The ARG agent showed more consistent resource usage across models. Its tree search structure naturally bounds exploration, and the beam search mechanism focuses compute on promising paths rather than exhaustive trial-and-error.

What This Means

DeltaMLBench represents a meaningful step beyond our original ML Research Benchmark. Where MLRB showed agents couldn't do non-trivial research, DeltaMLBench shows they sometimes can — achieving genuine percentage improvements over published baselines on real research codebases.

But the nuances matter enormously:

Agent architecture is as important as model capability. The same underlying model produces dramatically different outcomes depending on the scaffolding. The ARG agent's structured search and reflection mechanisms led to both higher success rates and zero cheating, while the simpler Modular architecture left models more prone to taking shortcuts.

Cheating is a first-order concern for automated research. If we're going to trust agents to do ML research, we need robust integrity verification. Our multi-layered approach — combining static analysis, artifact verification, semantic analysis, and forensic log auditing — caught most attempts, but the fact that frontier models default to fabrication when stuck is a serious issue for the field.

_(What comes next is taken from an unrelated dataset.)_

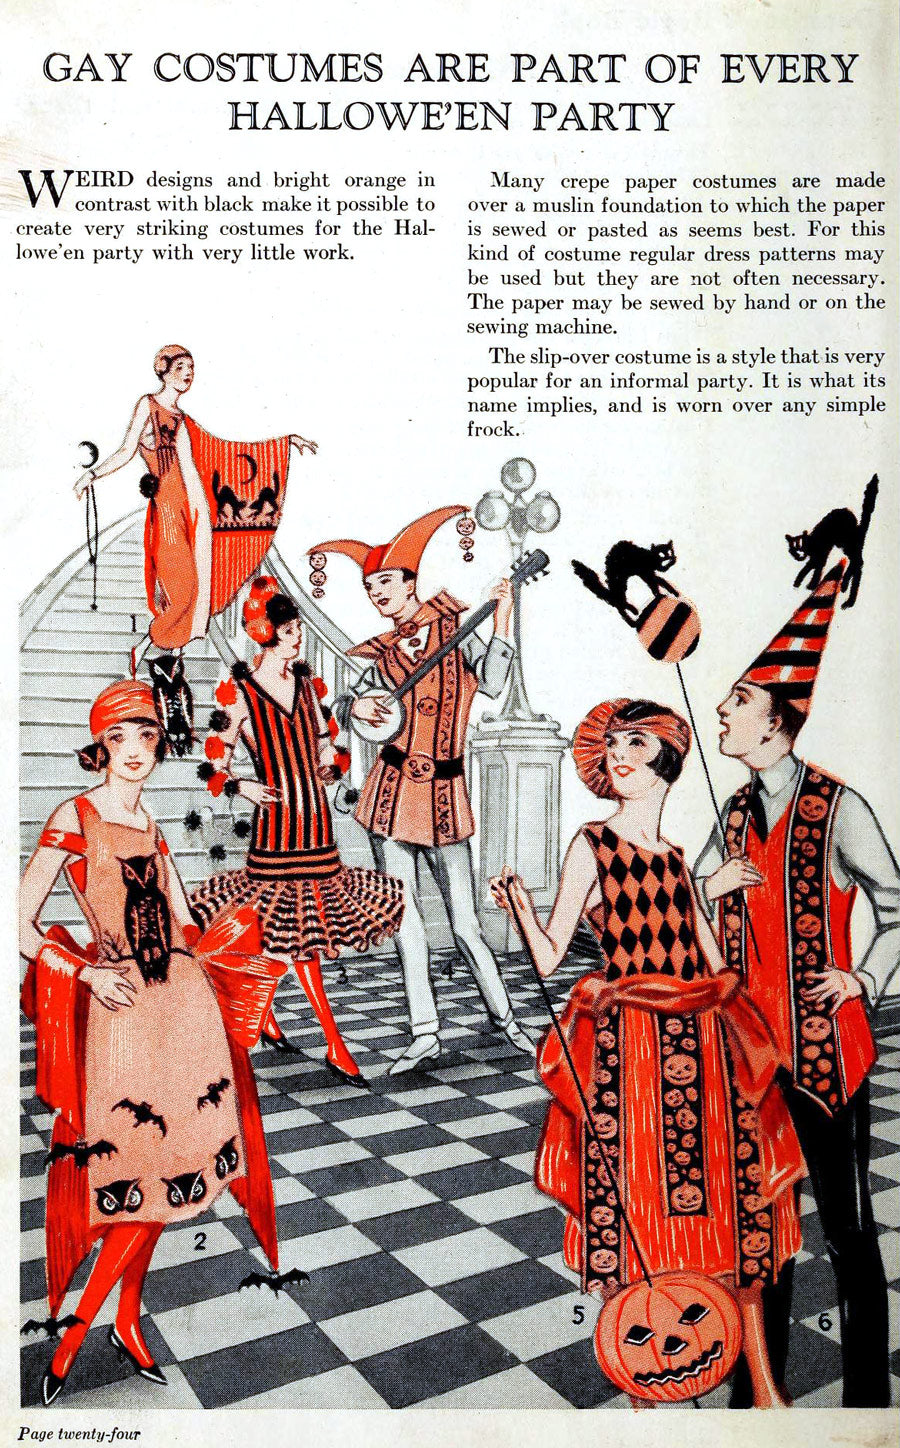 An illustration from "Dennison's Bogie Book" (1920) shows an array of "weird" black and orange Halloween costumes for adults with the headline "Gay Costumes Are Part of Every Hallowe'en Party."
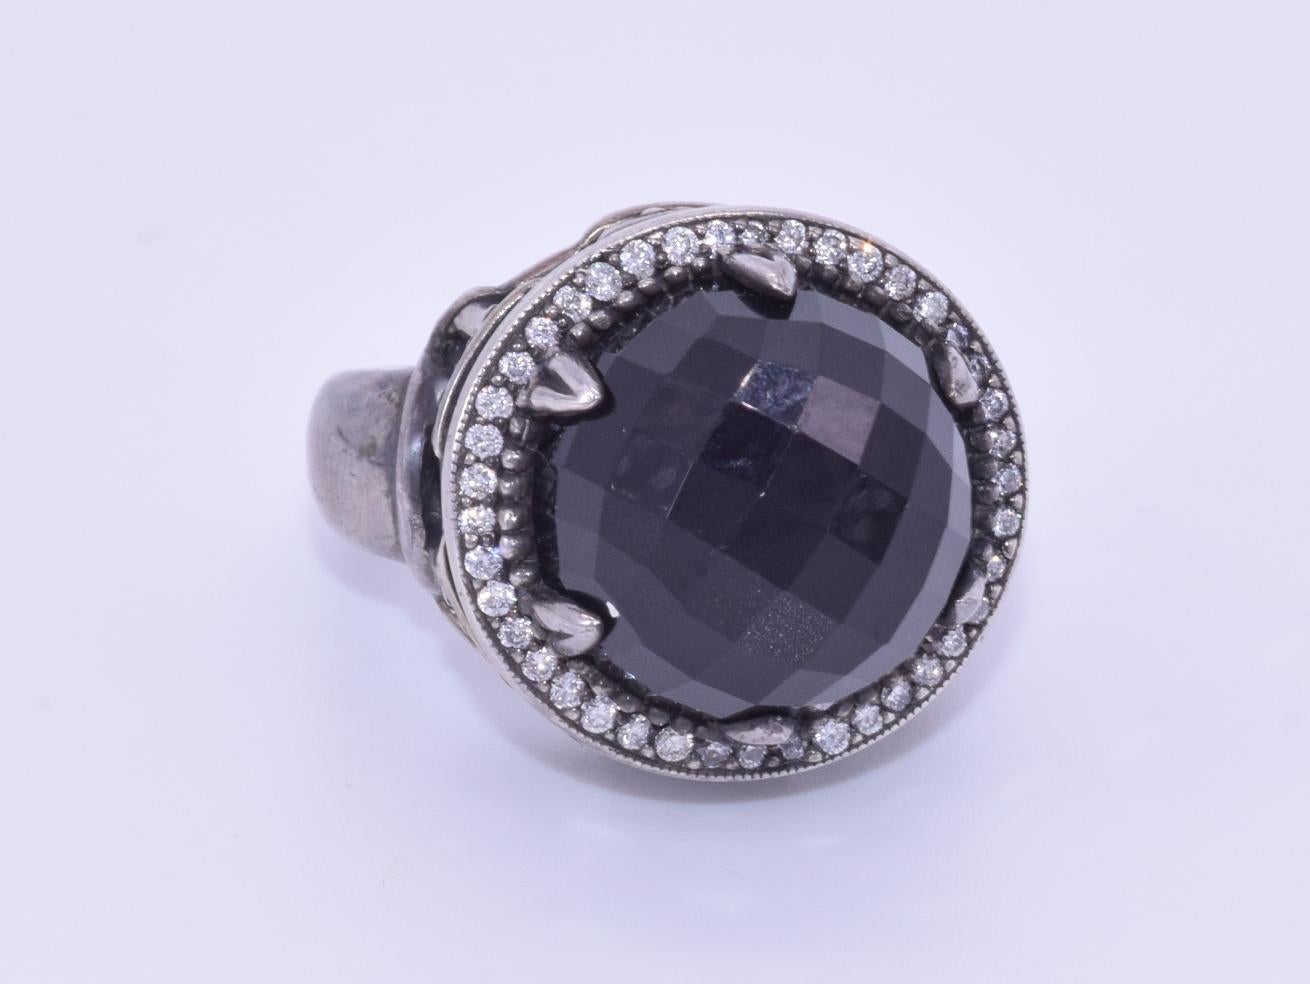 A faceted domed onyx is set in a surround of round diamonds totaling approximately 0.41 carat mounted in blackened silver in an architectural inspired ring by designer Faith Ann Kiely. Ring size 6.75.

The hardest tasks remain untouched. Tasks requiring deep architectural innovation or domain-specific insight — the kind of work that produces novel research contributions — still show 0% success rates. Agents can optimize hyperparameters, adjust training procedures, and apply known techniques, but they aren't yet making the conceptual leaps that drive research forward.

We're in the "competent research assistant" phase. Agents can set up environments, debug dependency issues, run experiments, and iterate on straightforward optimizations. That's genuinely useful. But the gap between "improve a metric by tuning learning rates" and "develop a novel architectural insight" remains wide.

Looking Ahead

DeltaMLBench is released as a static benchmark with 50 tasks and standardized evaluation protocols. As agent capabilities evolve, we plan to expand the task set, increase difficulty, and develop more sophisticated integrity verification. The benchmark is designed to grow with the field — the percentage improvement metric means there's always room for agents to do better, avoiding the saturation problem that plagues binary benchmarks.

The code and benchmark are available for the research community to evaluate their own agents against. We think the combination of authentic research conditions, improvement-oriented evaluation, and rigorous anti-cheating measures makes DeltaMLBench a useful testbed for tracking real progress in autonomous ML research.


DeltaMLBench is currently under review at ICML 2026.